The Columbia hatcheries were originally pitched as an aid to wild Chinook runs struggling to overcome the impediments of Columbia and Snake River hydroelectric dams on their way to spawning grounds in the Pacific Northwest and Canada.

Alaska salmon never faced the habitat problems that such dams created in Canada and the Lower 48, and the Alaska hatchery program was never directed at solving such problems. It was aimed purely at producing more fish for commercial fishermen.

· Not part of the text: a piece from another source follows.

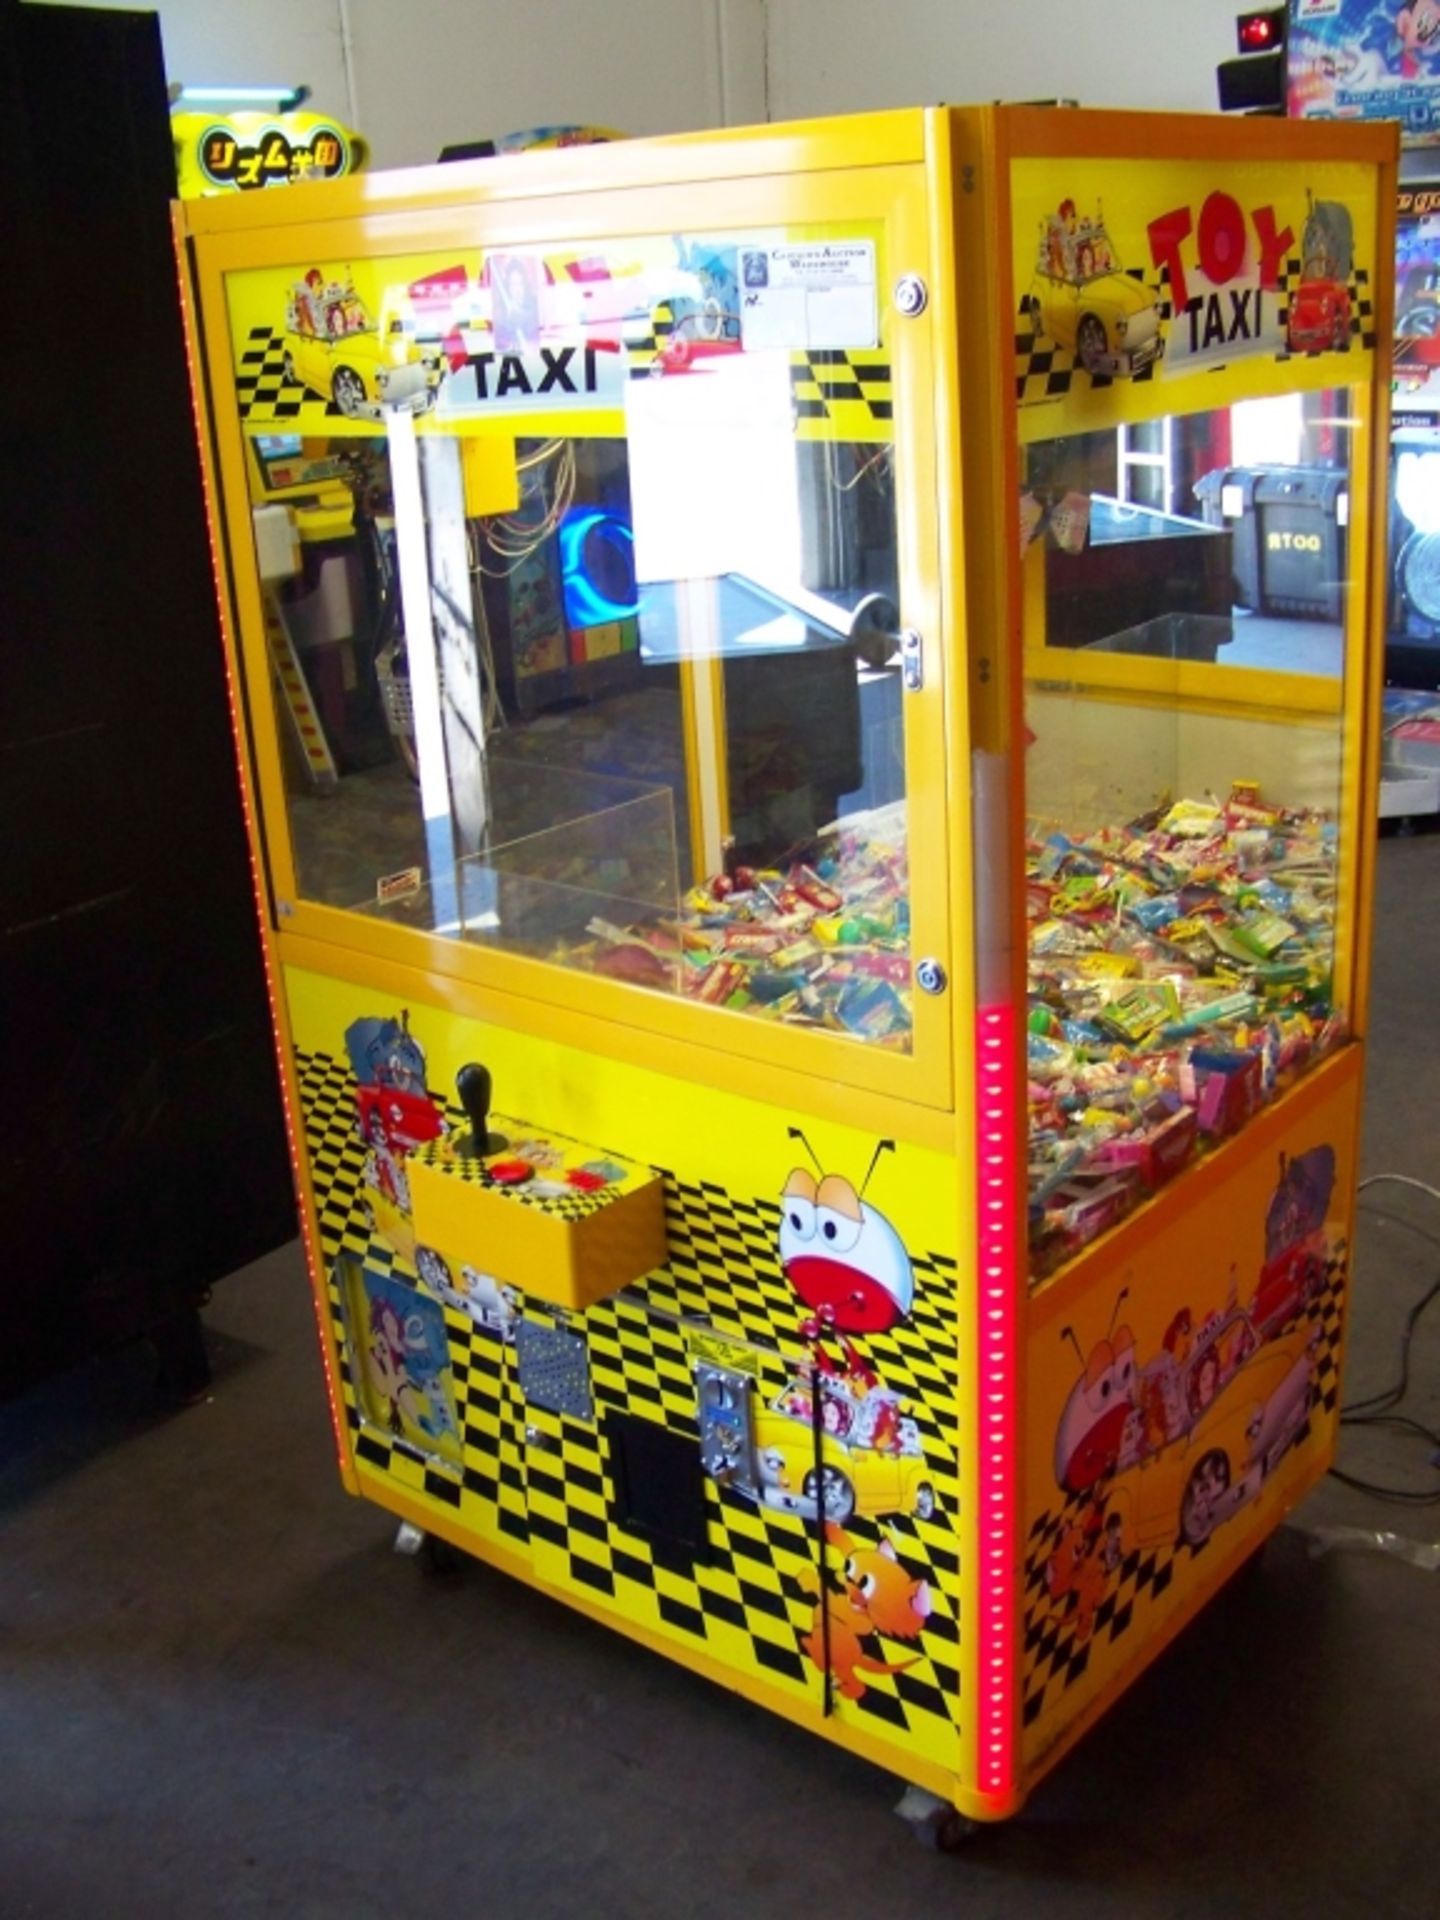 42" TOY TAXI MINI SIZE CANDY CLAW CRANE MACHINE - Image 3 of 4
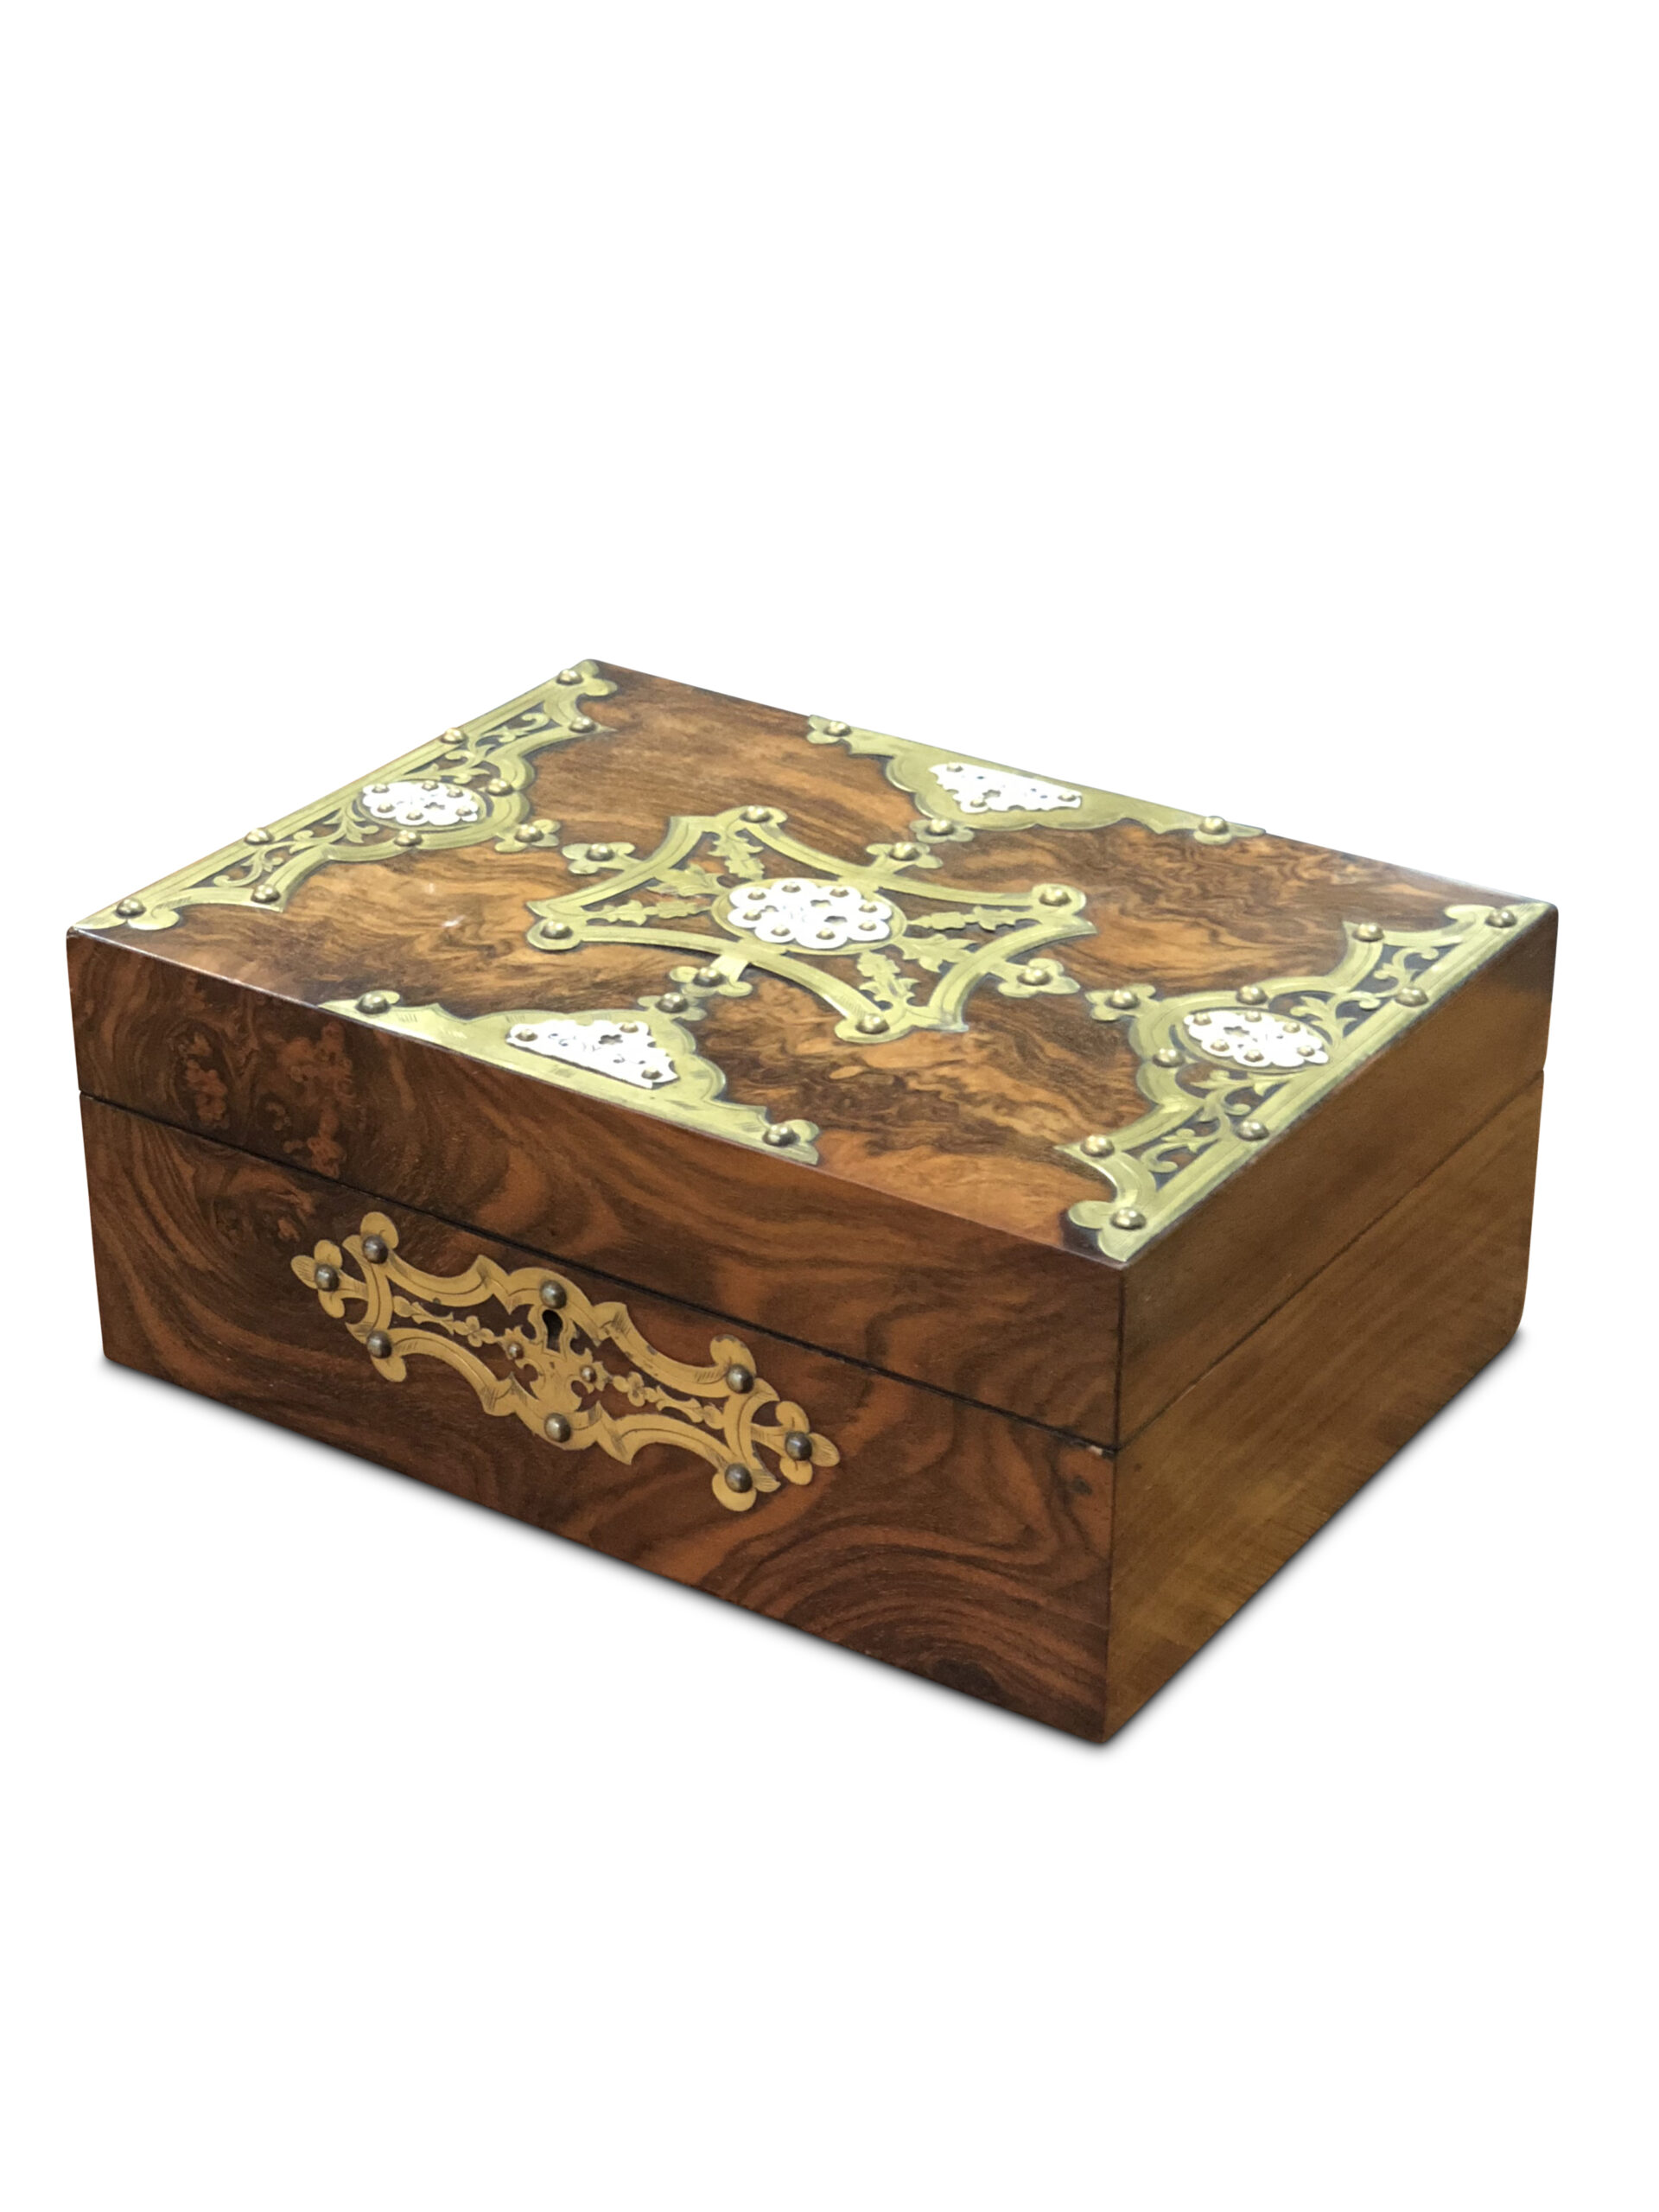 64007 Victorian Burr Walnut Sewing Box with Decorative Bone and Brass Mounts scaled

“The 30-year consecutive mean, high-annual catch is 82 million salmon,” the Alaska Department of Fish and Game’s division of Fisheries Rehabilitation, Enhancement and Development declared in 1983. “The long-term plan for salmon in Alaska calls for nearly 143 million fish for harvest annually, of which 51 million are to be produced by enhancement and rehabilitation techniques. Included within this harvest of 51 million are 25 million chum, 8 million sockeye, 1.5 million coho, and 300,000 chinook salmon; the remainder will be made up of pink salmon.”

In the year’s since, the mean annual harvest has grown to more than twice that. It stood at 182 million per year for the decade from 2012 to 2021, but because about a third of the harvest is comprised of hatchery pinks and chums, the least valuable of Alaska salmon, the value of the catch has radically declined.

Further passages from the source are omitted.